== DATA PROVIDED ==
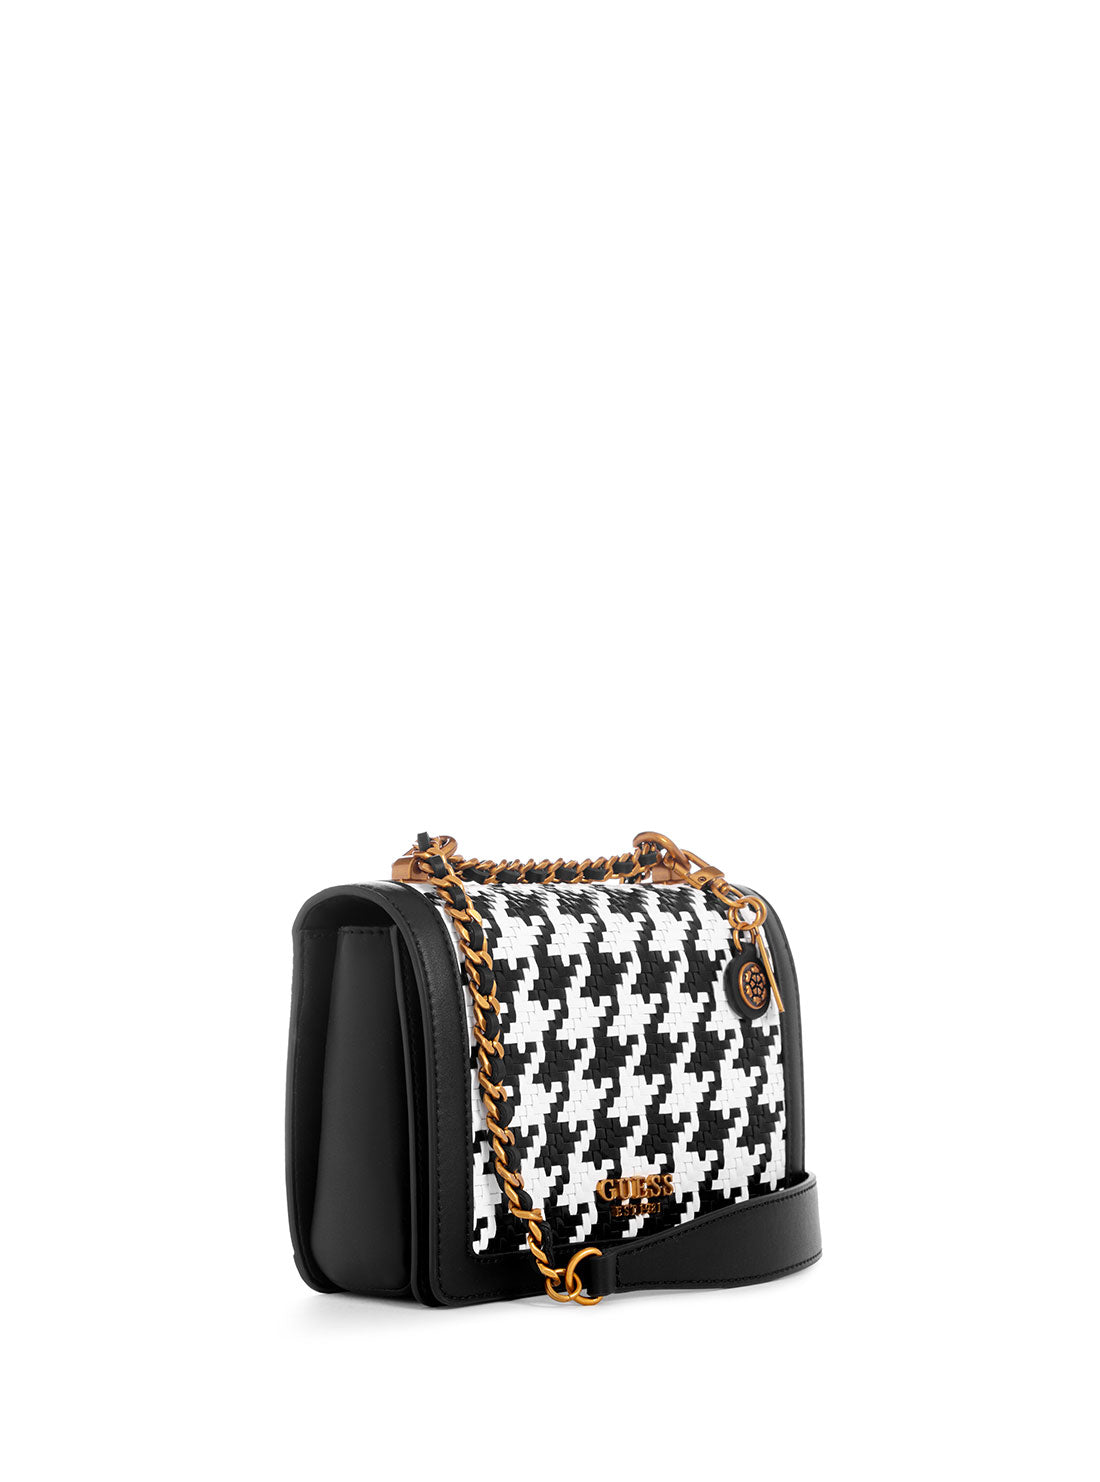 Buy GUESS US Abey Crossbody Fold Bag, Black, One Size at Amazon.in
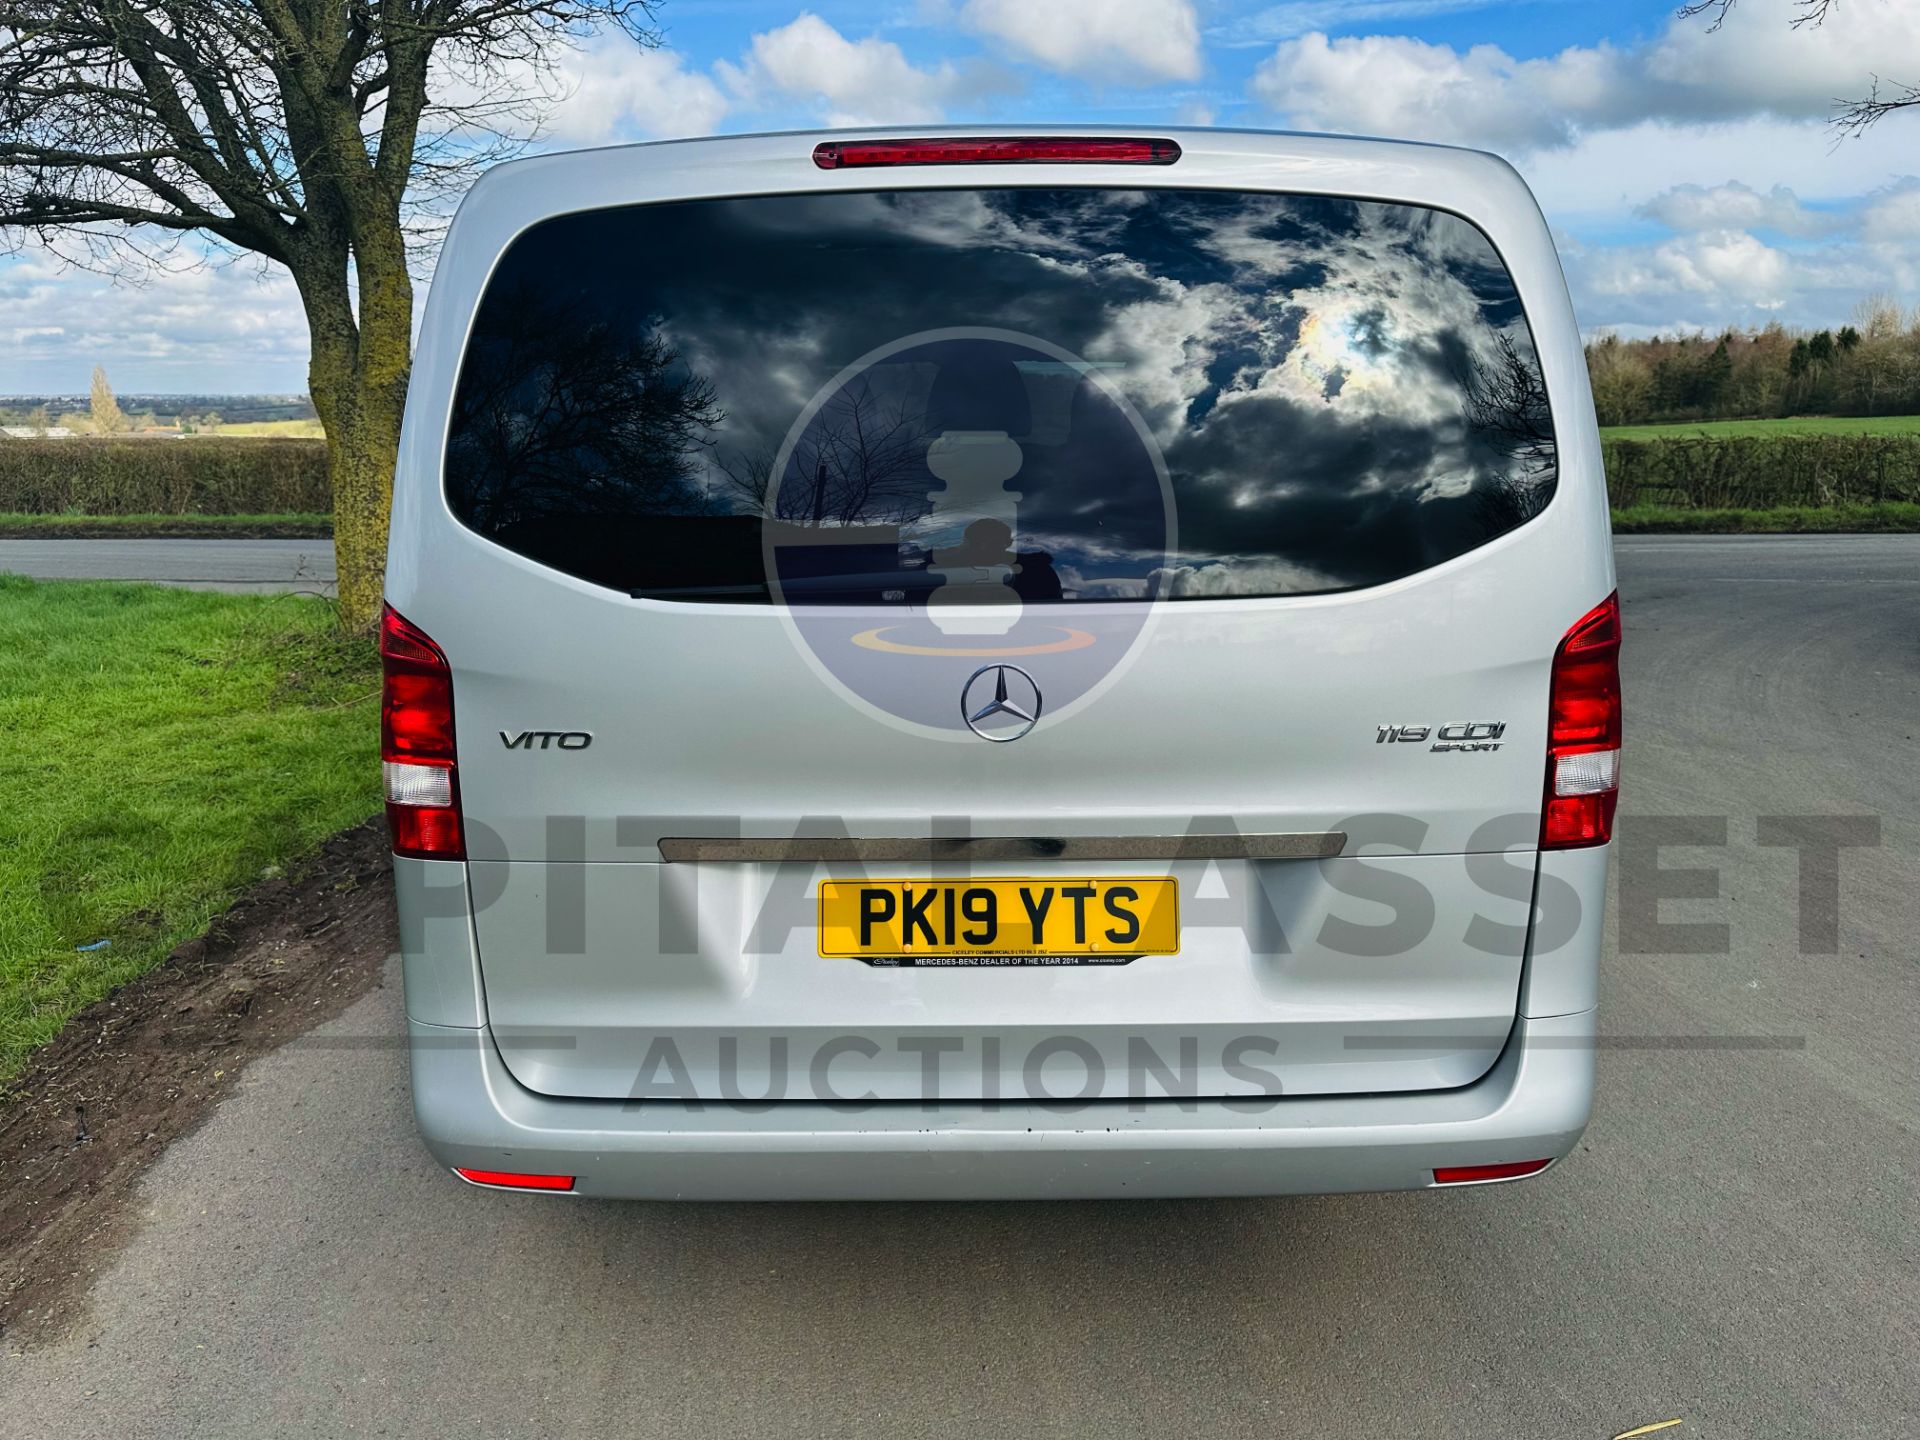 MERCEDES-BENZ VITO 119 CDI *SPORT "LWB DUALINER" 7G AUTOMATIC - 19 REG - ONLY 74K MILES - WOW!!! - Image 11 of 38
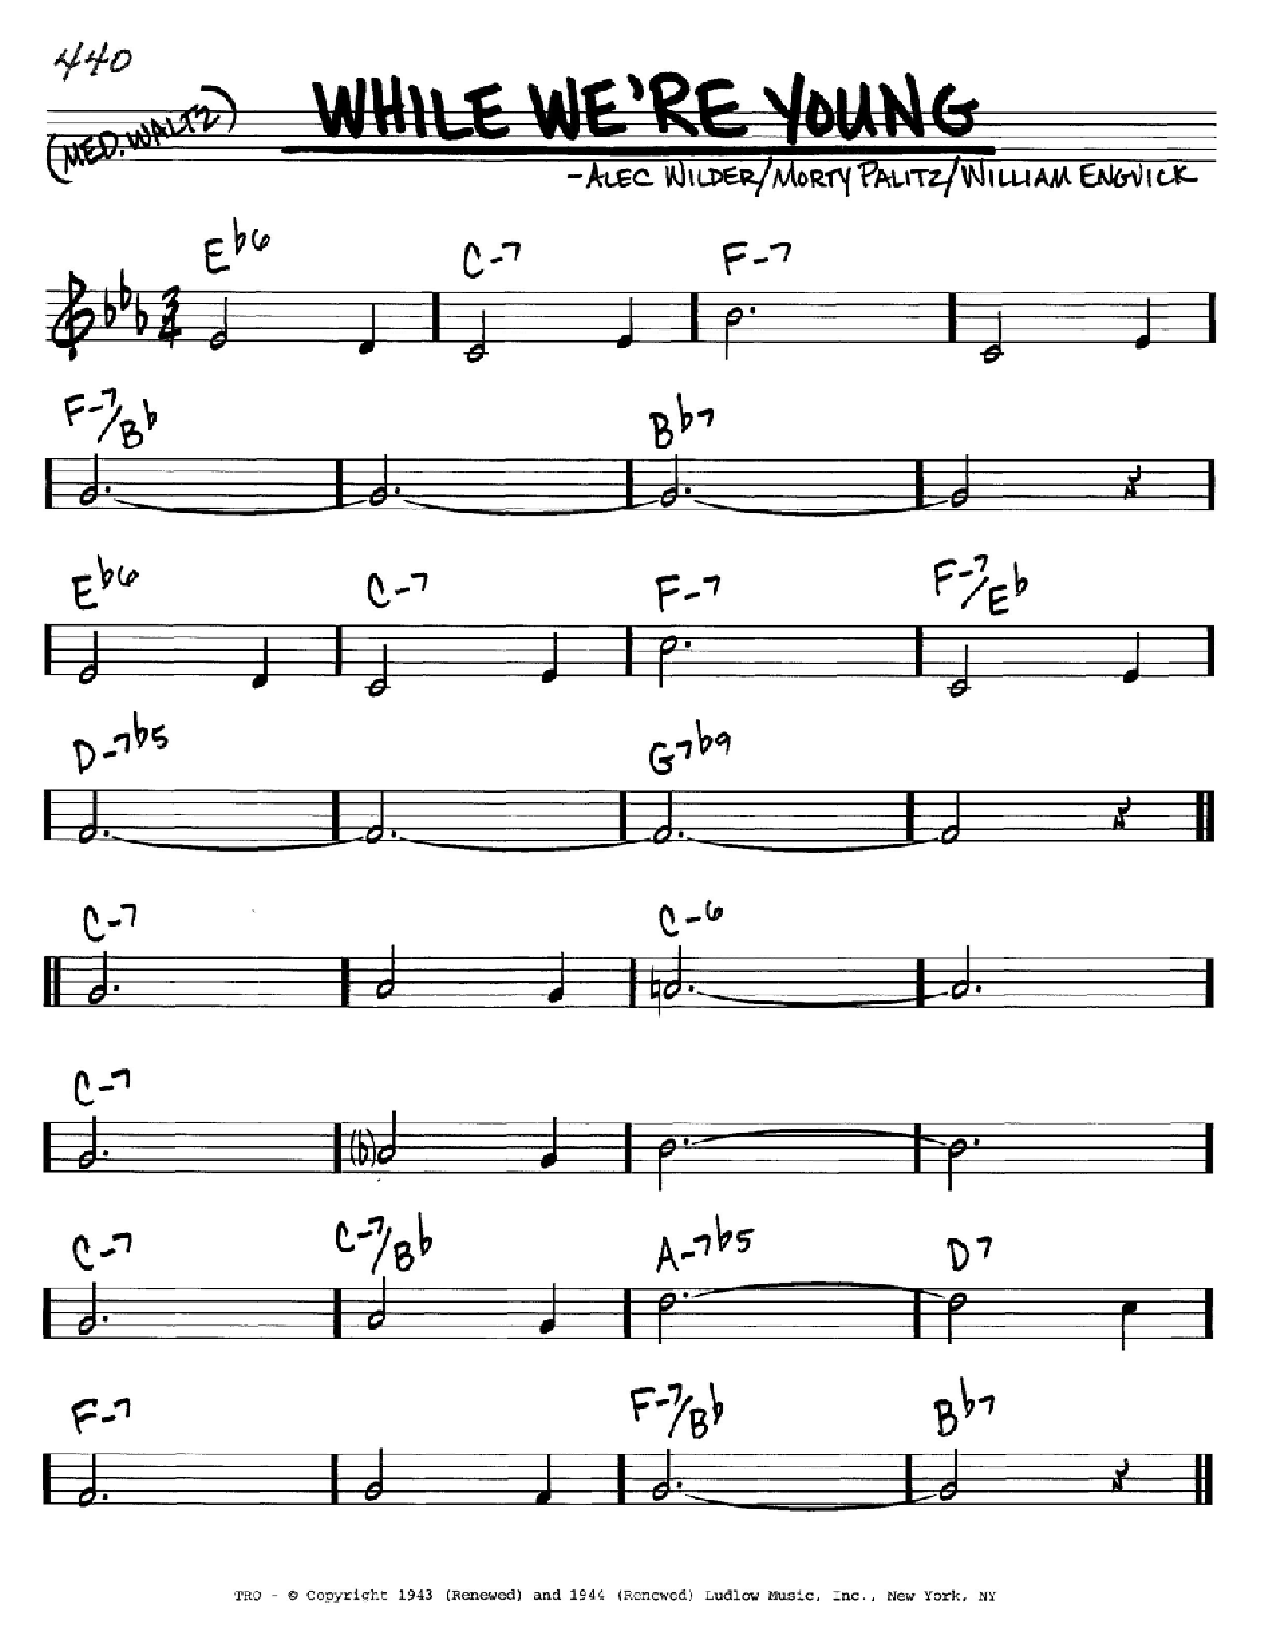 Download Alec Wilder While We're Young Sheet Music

== EXERCISE INSTRUCTIONS ==
With the pictures left out, give again exactly the lines from the one that contains "MERCEDES-BENZ VITO 119" through the final line of the data above.

== SOLUTION BELOW ==
 MERCEDES-BENZ VITO 119 CDI *SPORT "LWB DUALINER" 7G AUTOMATIC - 19 REG - ONLY 74K MILES - WOW!!! - Image 11 of 38
 Download Alec Wilder While We're Young Sheet Music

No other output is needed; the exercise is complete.